Hola chavos tengo un proyecto

de varios contadores con un solo display es decir q tengo q tener 3 contadores

pero un solo display y tener una selecion entre cada display

osea
selec-1
cont-1 se muentre en el display
selec-2
cnot-2 se muestre en  el display

etc...


ya tengo en contador el problema es al multiplexar el display

la señal no me genera nungn alto ni bajo solo una variacion de voltaje q no puedo trasladar con el multiplexador

el contador es un 4026B con un 555 como simulador de señales el 4026 debe trabajar con señales de unos sensores para q cuente

y el multiplexor q estoy intentando usar es el 74157 
cabe mencionar q apenas estoy entrando en el mundo delos  multiplexores

cual cren q ste siendo mi error??
o cual multiplexador me recomiendan???

saludos¡¡¡


----------



## MrCarlos (Ene 28, 2010)

Hola krokelect

Para seleccionar los datos de los contadores deberías utilizar un IC que sea “Selector De Datos” , el que pretendes utilizar es un Flip Flop Tipo D HEXagecimal. Probablemente se pueda hacer con este pero creo es más difícil. 
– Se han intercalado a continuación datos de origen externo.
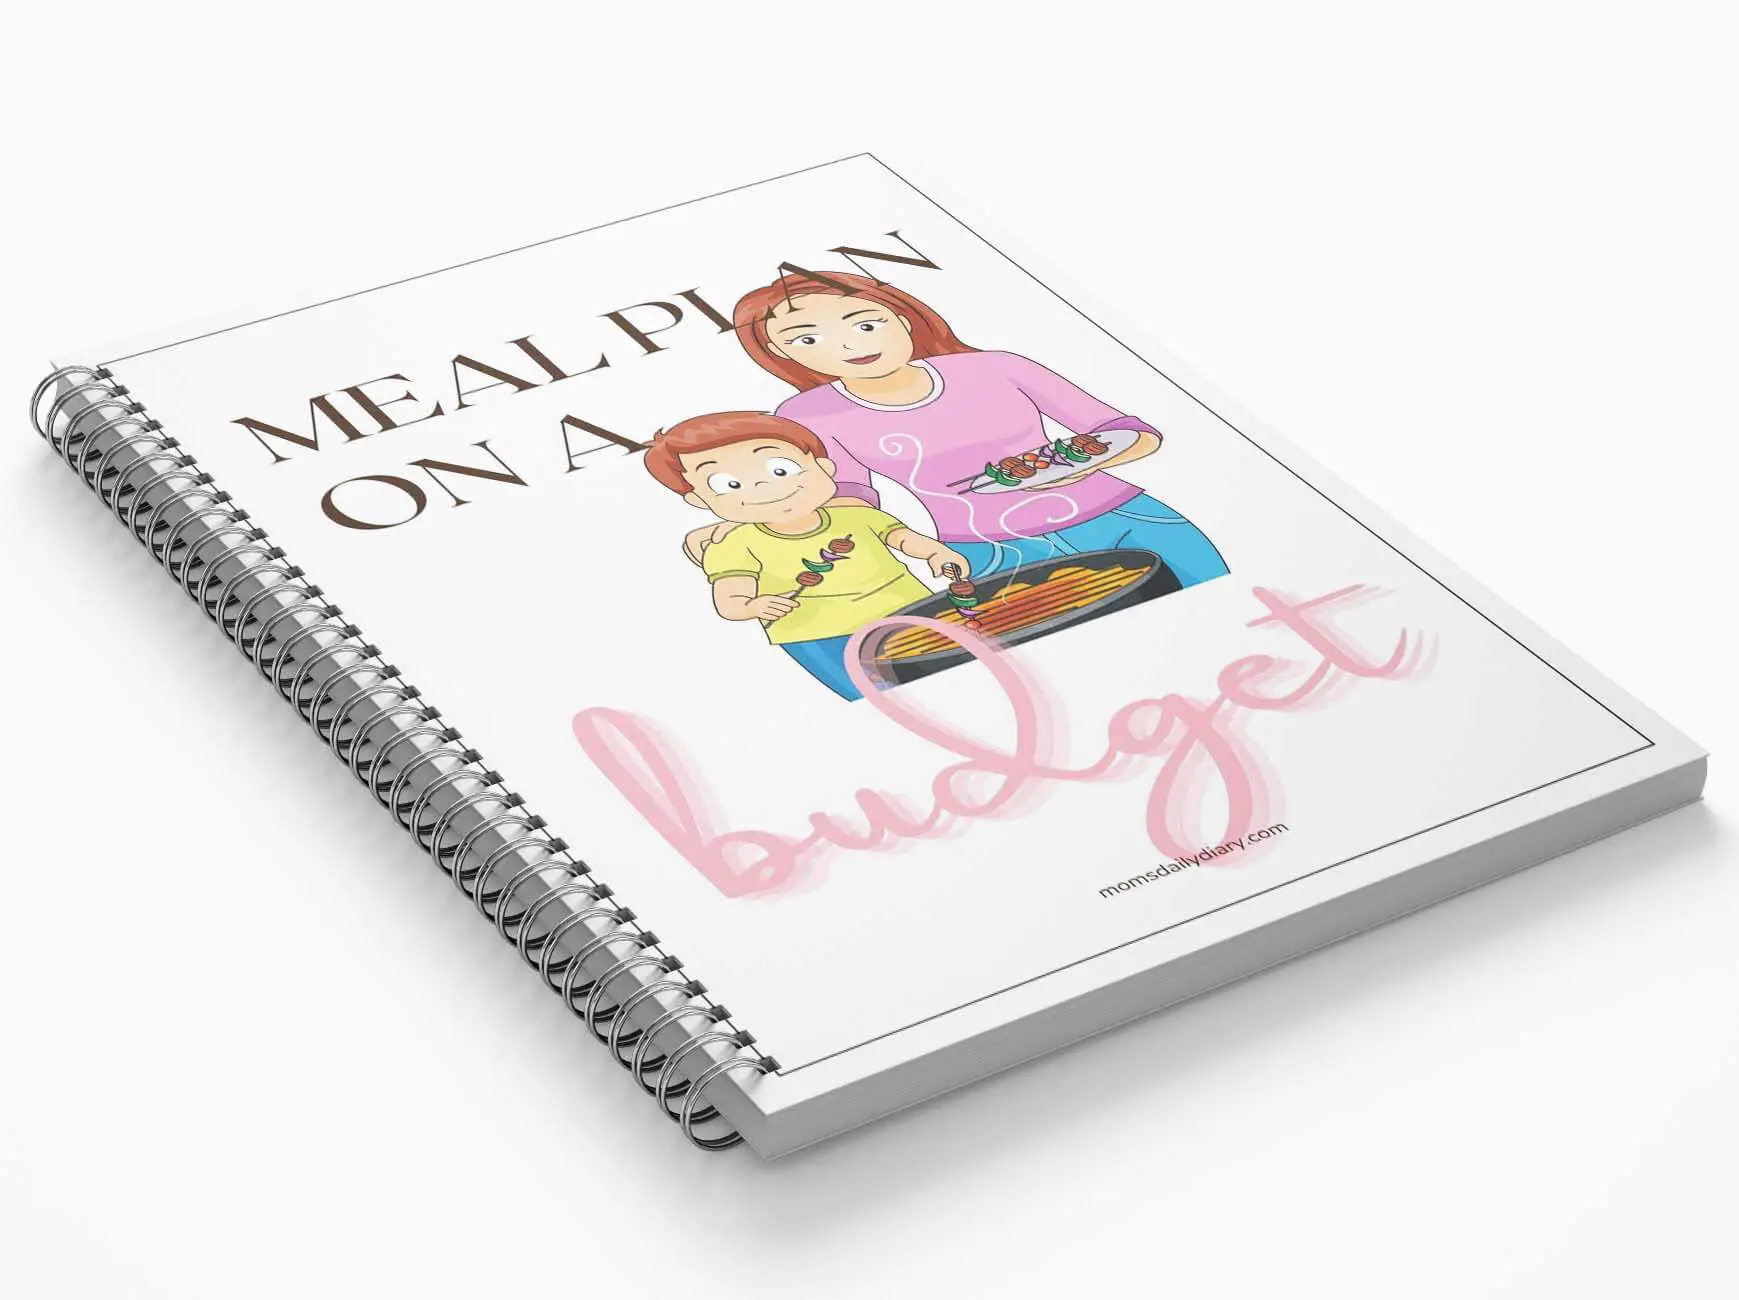 Promotional image of a spiral notepad with text Meal plan on a budget and an illustration of mom and toddler cooking together.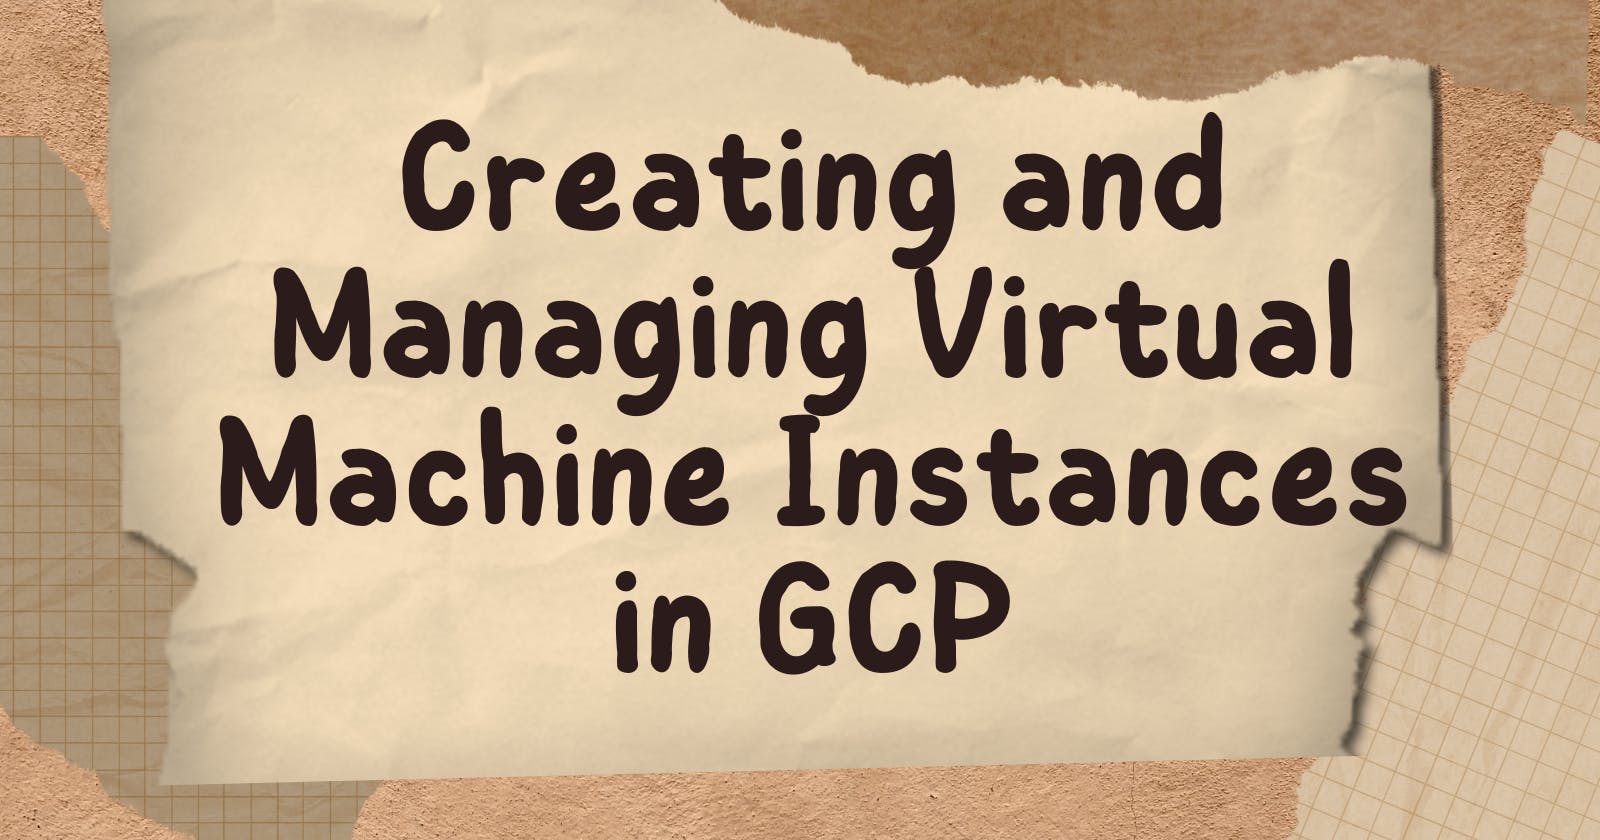 Creating and Managing Virtual Machine Instances in GCP

Ahora, el 4026 te cuenta y decodifica a 7 segmentos; dices que tienes 3, entonces los debes conectar en cascada.

Enseguida el Selector De Datos con 21 entradas, 7 Entradas Para cada 4026 y 7 salidas; a las salida del selector conectar el único Display de 7 segmentos que tienes.

Ese IC Selector no creo que exista de 21 entradas así que lo tienes que diseñar con compuertas lógicas o utilizar un selector llamado “selector de datos 1 de 8”. Pero...tendrás que utilizar 7 de ellos.
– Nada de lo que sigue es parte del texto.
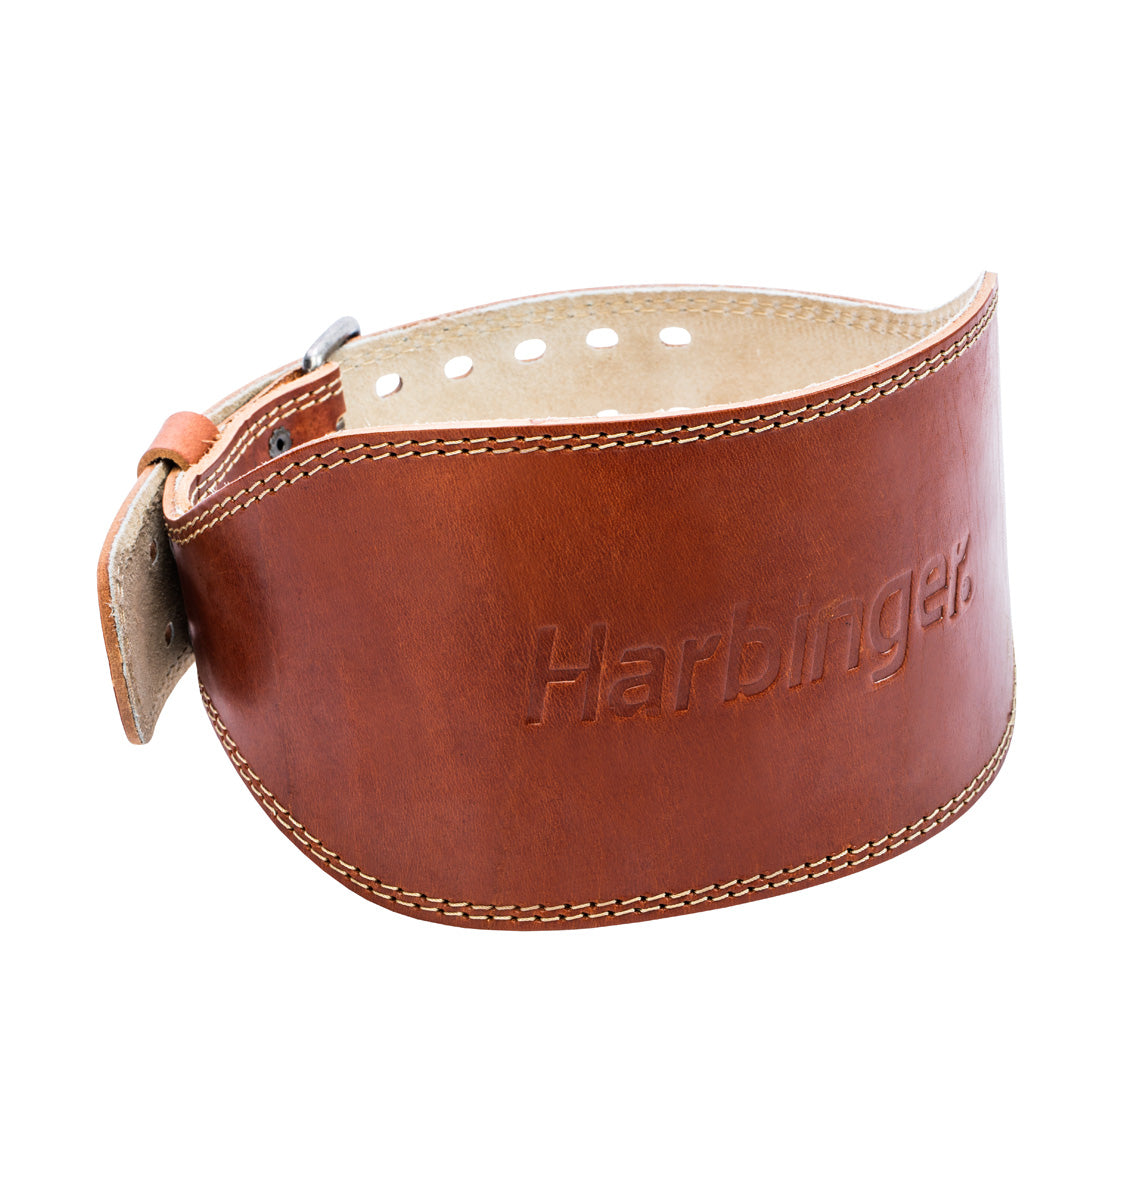 Harbinger 6 inch Oiled Leather Weight Lifting Belt - 1

También pudiera hacerse con el 74125 u otro que tenga salidas de 3 estados (0, 1, Abierto).

saludos
a sus ordenes


----------



## krokelect (Ene 28, 2010)

Hola Mrcarlos pues el problema es que debe ser indepedientes los datos que me cuente los 4026
 osea que no tienen nada en comun mas que el display y sobre el flip flop tipo D me pondre a estudiar sobre el tema 

pero por ejemplo por que cuando quiero hacer la conmutacion con el decoder al multiplexor se supone que cuando mantengo en L el 74151 que por cierto me equivoque por que no estoy utilizando el 74157 ok es el 74151......la entrada 0 deber ser igual su salida y aqui en este caso no sucede asi no se por que??
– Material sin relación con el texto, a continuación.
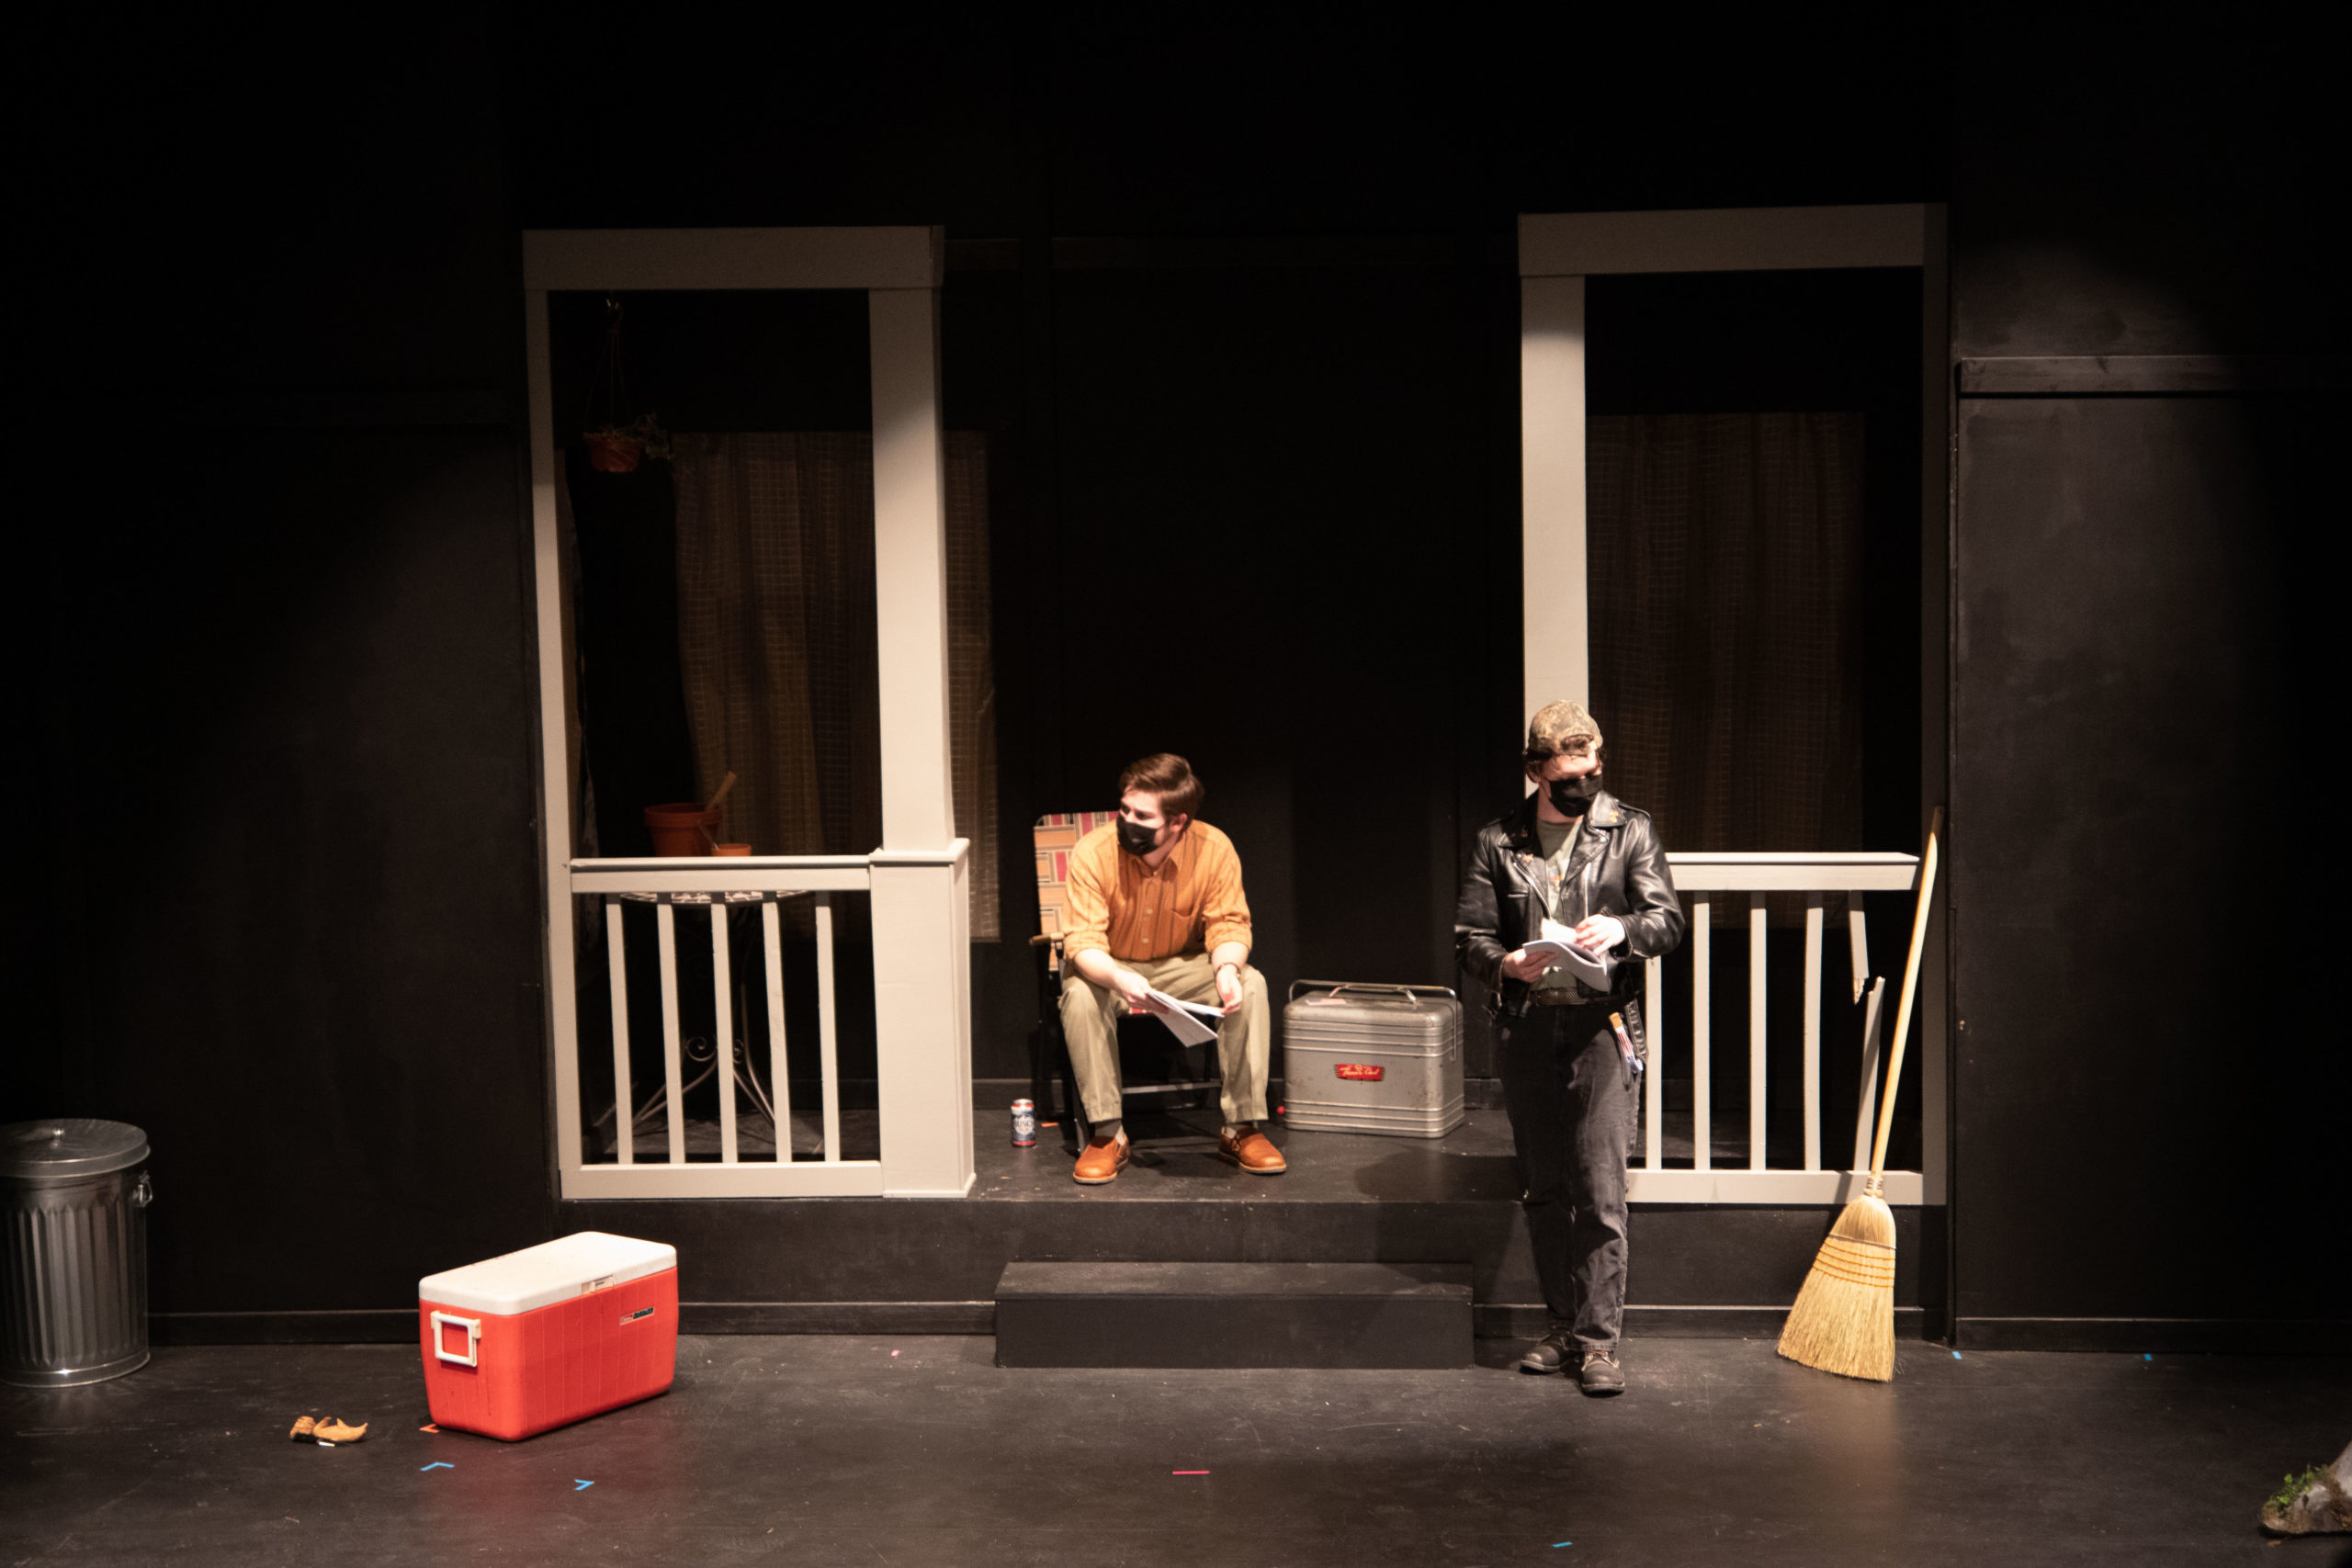 Black box stage with a house as the set, young white man sits on a chair on the porch and another young person stands near the steps

y estoy utilizando el 74151 por que tiene 8 entradas y una salida me sobra un entrada pero ese no es problema 

Pero la duda seria como aumento las entradas a un display de 7 seg 

saludos por cierto de que parte de mexico eres???


----------



## MrCarlos (Ene 28, 2010)

Hola krokelect

Según tu mensaje original estas utilizando como contador el 4026, aunque como te mencioné este es un contador que ya trae el decodificador a 7 segmentos.
Este IC Puede funcionar con los de la serie 74HC y no con los 74LC, así que si tienes el 74HC151 debería funcionar.

Te adjunto un circuito que hice donde se ve cómo los datos del 4026(0) se presentan en el Display por un momento, luego los del 4026(1) y al último los del 4026(2).

Espero aclare tus dudas.

saludos.
a sus ordenes


----------



## krokelect (Ene 29, 2010)

pues en teoria deberia funcionar no lo eh probado fisicamente ahora lo pruebo en el protoboard y te cuento como me fue¡

por q*UE* segun lo q*UE* tengo entendido deberia funcionar no??


----------



## MrCarlos (Ene 29, 2010)

Hola krokelect

Tal vez deberías agregar un Display o unos LED’s para saber qué digito estas viendo en el Display 

saludos.


----------